If you have additional cash for closing, you may be able to reduce your interest rate by paying discount points to buy down your rate. Each discount point equals one percent of the loan amount (for example, one point on a $150,000 mortgage equals $1,500). As a general rule, each point that you pay typically will reduce the interest rate offered by the lender by about one-eighth of one percent, or 0.125%. The general rule is that it takes about 5 years to 7 years to recover the cost of points paid at closing.
Be sure to review your loan documents to determine whether your existing loan is subject to a prepayment penalty. Many states limit this penalty or prohibit it altogether, regardless of the provisions contained in your loan documents. You may wish to contact the appropriate state regulator for information about the laws of your state and whether prepayment penalties can be enforced in your state.
You may be able to save money by comparison shopping. Talk to more than one lender and select the one that best meets your refinancing needs at the lowest cost.
You also may want to check with your lender to see if "no-cost" financing is offered.
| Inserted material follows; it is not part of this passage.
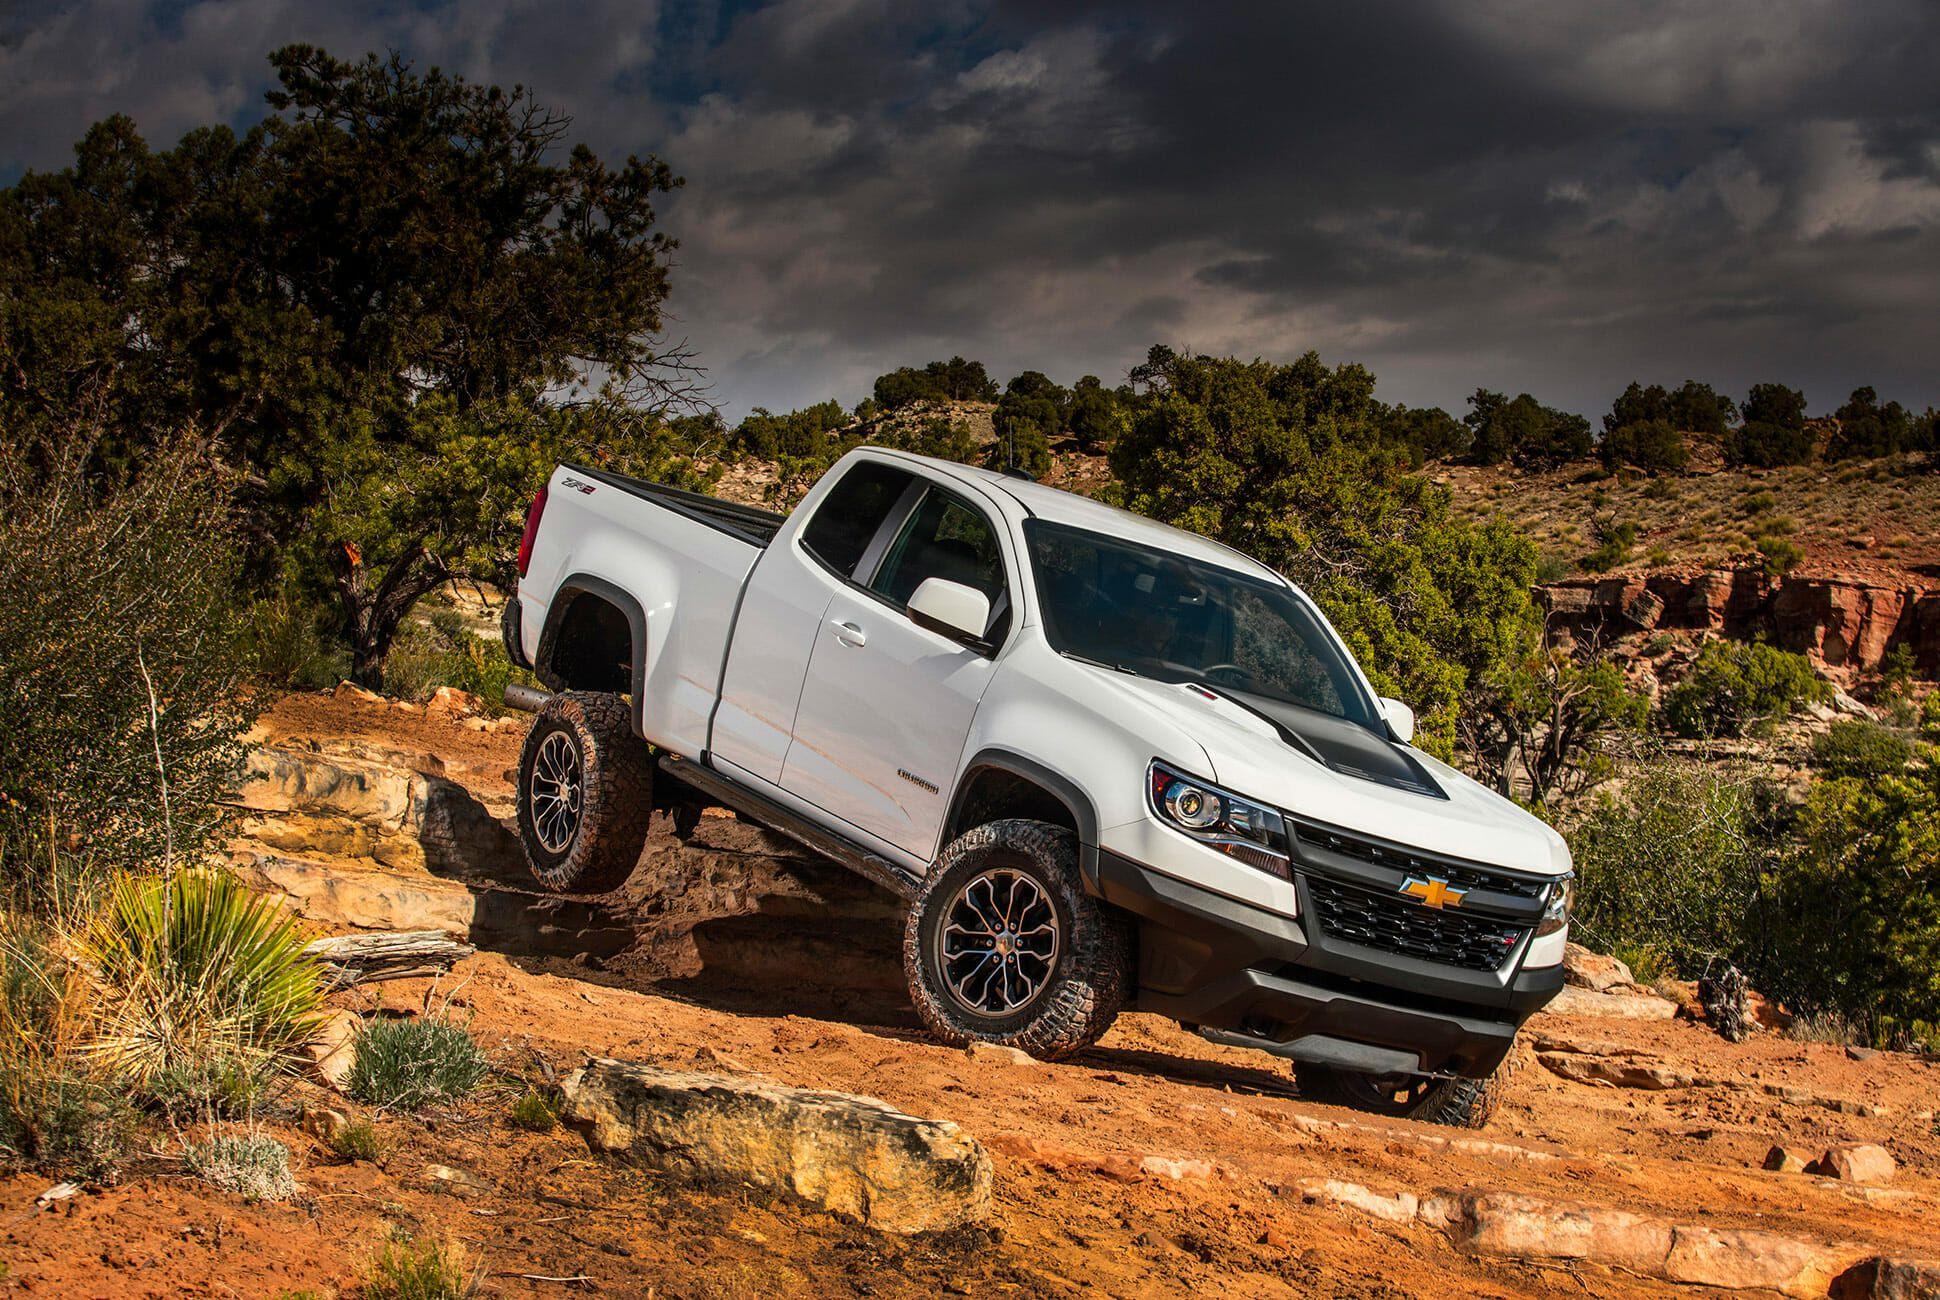 Chevy-Colorado-ZR2-Review-Gear-Patrol-Slide-2

Under this plan, you don't pay many of the typical upfront costs, but the interest rate on your mortgage is typically higher.
Recouping Your Costs Over Time
An important question to ask before starting the refinance process is, "How long will it take to recoup the up-front costs of the refinance?" In some cases, you may have to remain in your home for several years before you recoup these costs. So if you plan to move in the near future, refinancing now may not be cost-effective for you.
To determine if you're likely to recover the costs of a refinance transaction within an acceptable amount of time, you can divide your total refinancing costs by your total savings in monthly mortgage payments. This will show you approximately how many months it will take to recover your up-front costs through your lower monthly mortgage payment. If you find it would take longer to recover your costs than you plan to remain in your home, you may not want to refinance your mortgage. Your lender or mortgage broker can help you make this decision.